The March on Vilnius: A Film's Journey from Propaganda to National Memory
PhD project
My doctoral research, entitled "Film Documents of the Second World War in Lithuania" aims identifying, analysing, and comparing film documents shot on Lithuanian territory between 1939 and 1945 by Lithuanian, Soviet, and German cameramen. The films are analysed from four distinct perspectives: microhistorical, archival, ideological, and intertextual. They are conceived them as multilayered artifacts that can be investigated as historical sources, physical objects, gazes, and palimpsests.
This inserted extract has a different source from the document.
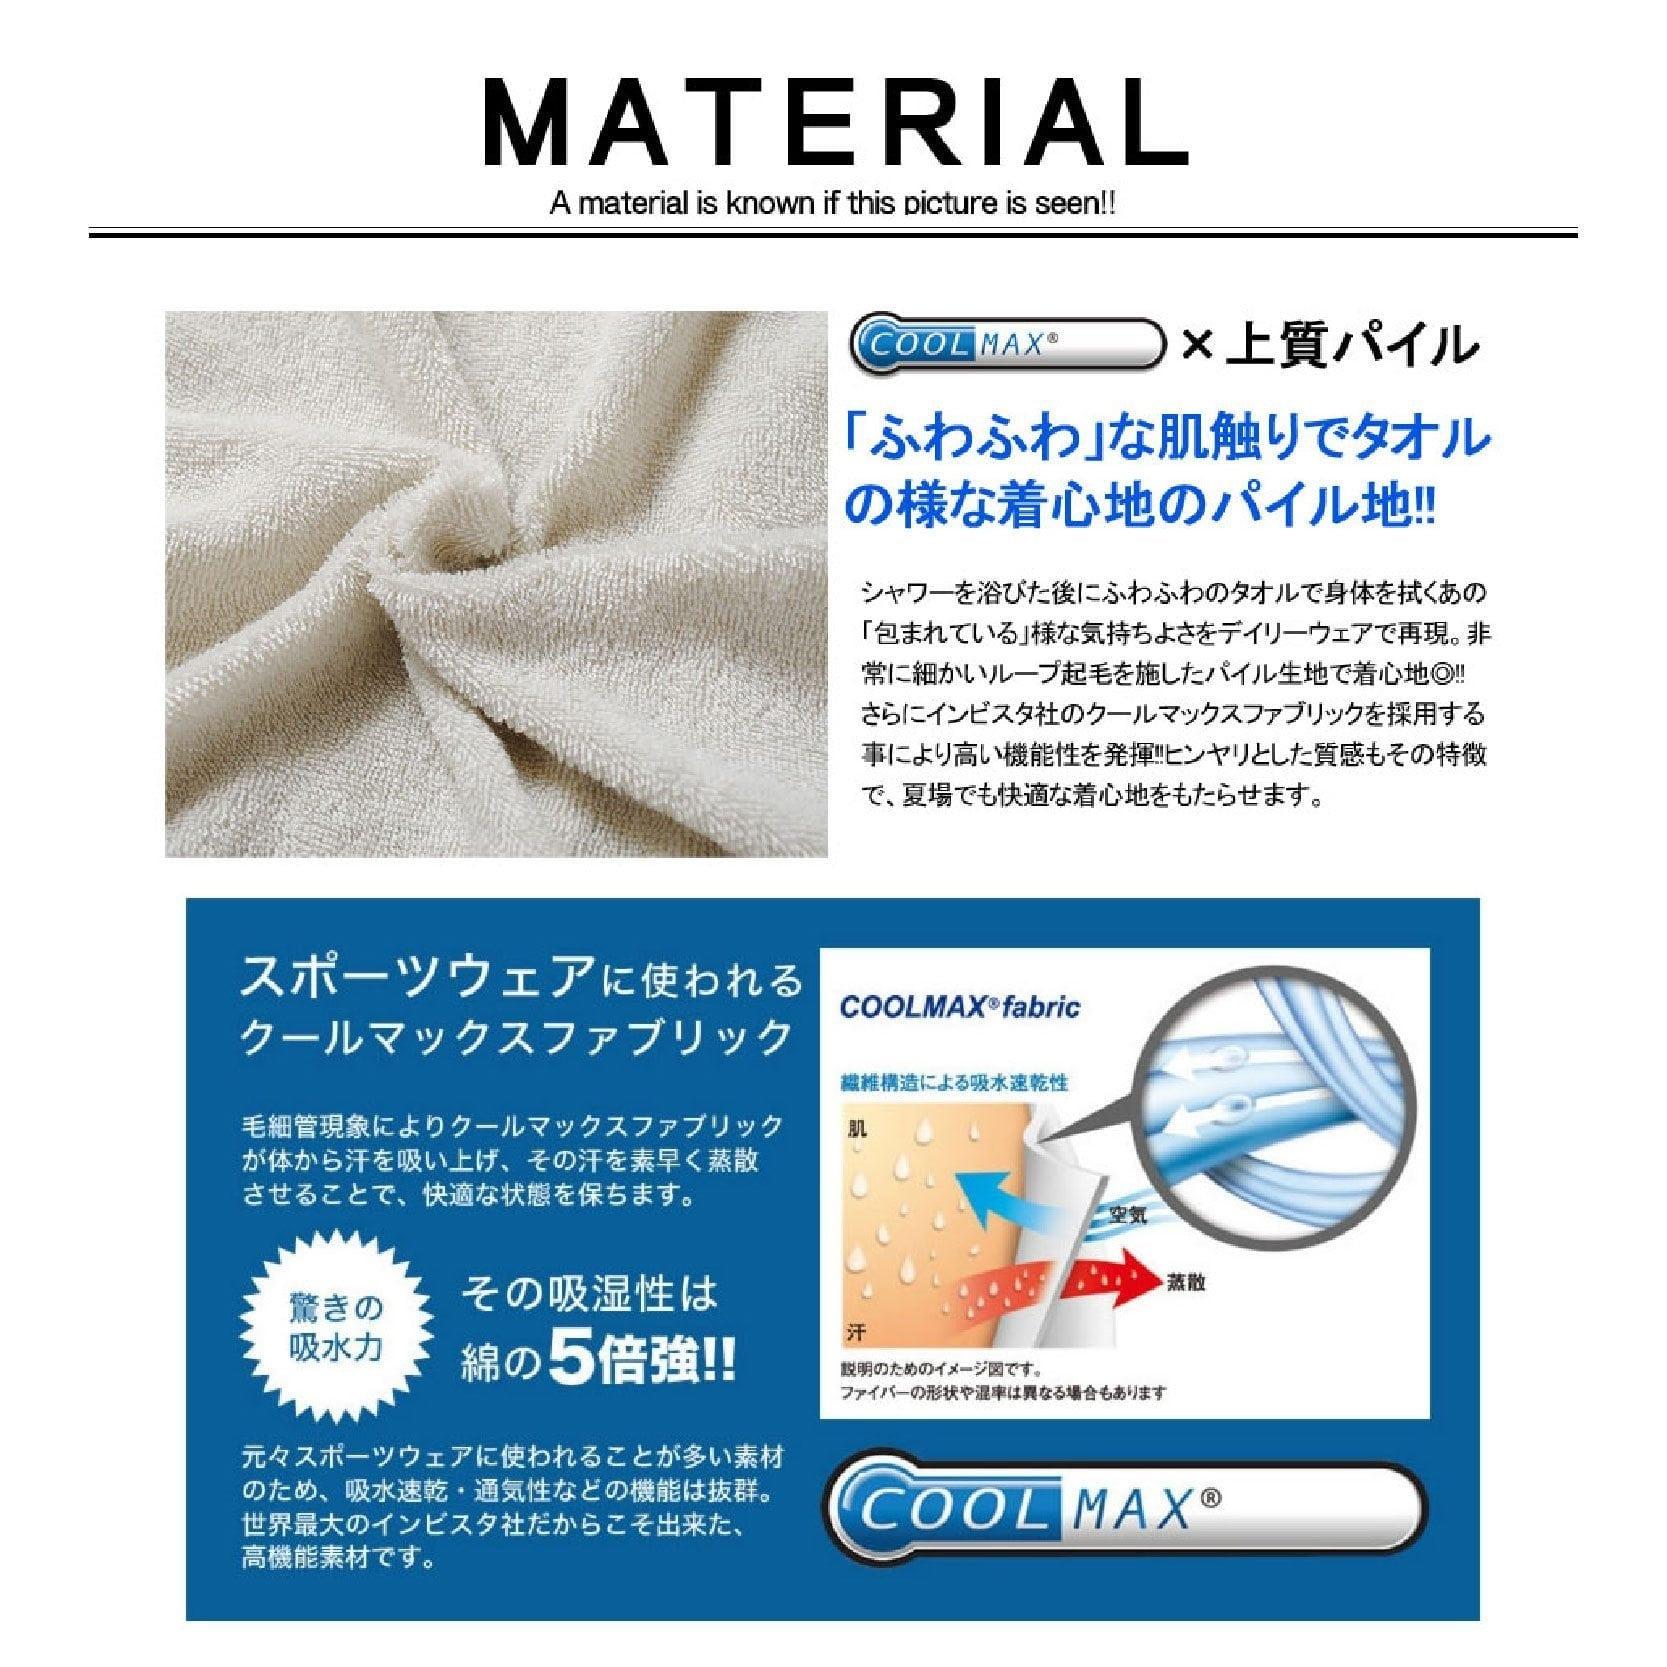 Coolmax Mattress Protector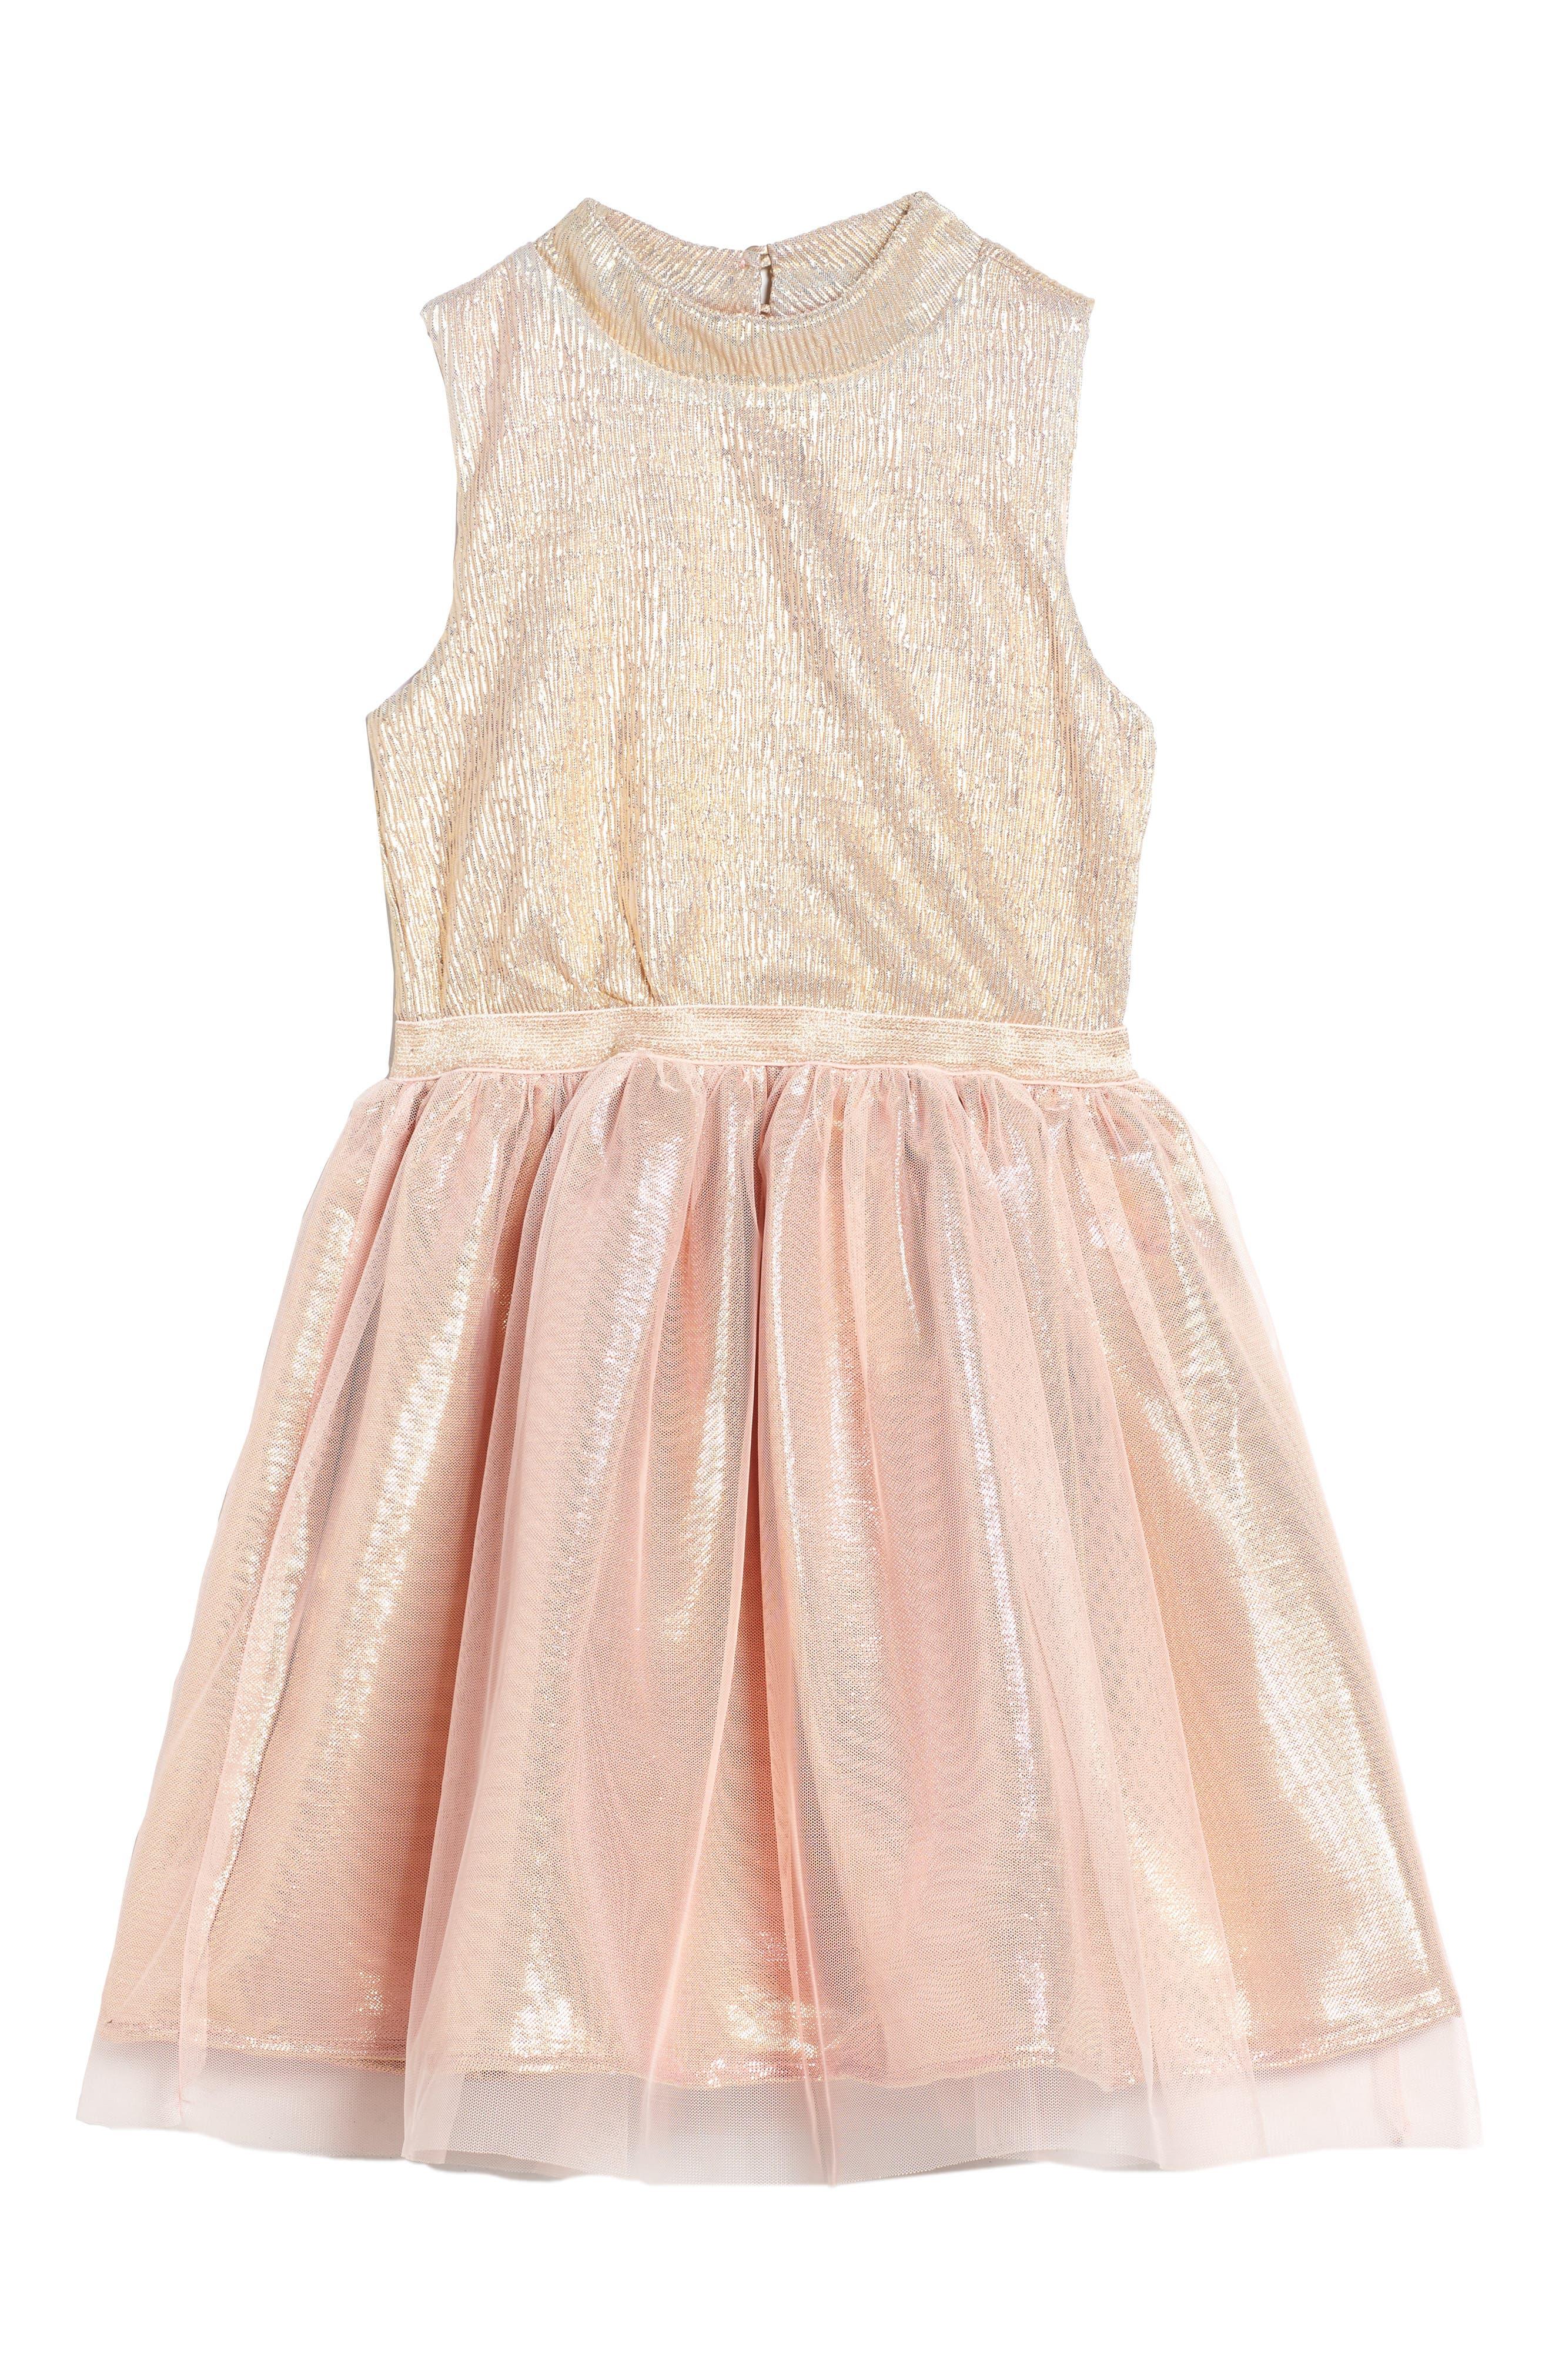 Alternate Image 1 Selected - Zunie Metallic Shimmer Mock Neck Dress (Big Girls)

This project, stemming from it, focuses on the shifting uses and meanings of a single film: The Recovery of Vilnius Region. This footage documents the Lithuanian army's march on Vilnius in October 1939, almost 19 years after the city and its region had been annexed by Poland. Presented to the nation as a historic victory but undermined by controversial circumstances, it was overshadowed by subsequent events: the first Soviet occupation of Lithuania in 1940, the German invasion in 1941; and the return of Soviet power in 1944, which would last until 1990. Nonetheless, its symbolic value has persisted to this day. The project explores the different stages that led to the transformation of this film from nationalist propaganda to a contested historical artifact that shaped national memory. By analysing its appropriation in Nazi, Soviet, and Lithuanian documentaries, it reveals how these moving images shaped—and were shaped by—changing political regimes and historical narratives.
During his stay at the ZZF Potsdam Giorgio Ruggeri is visiting fellow in Dep. I: Communism and Society in the project EUROPAST. Giorgio is a member of the EUROPAST team at Vilnius University and a PhD student at the Lithuanian Institute of History.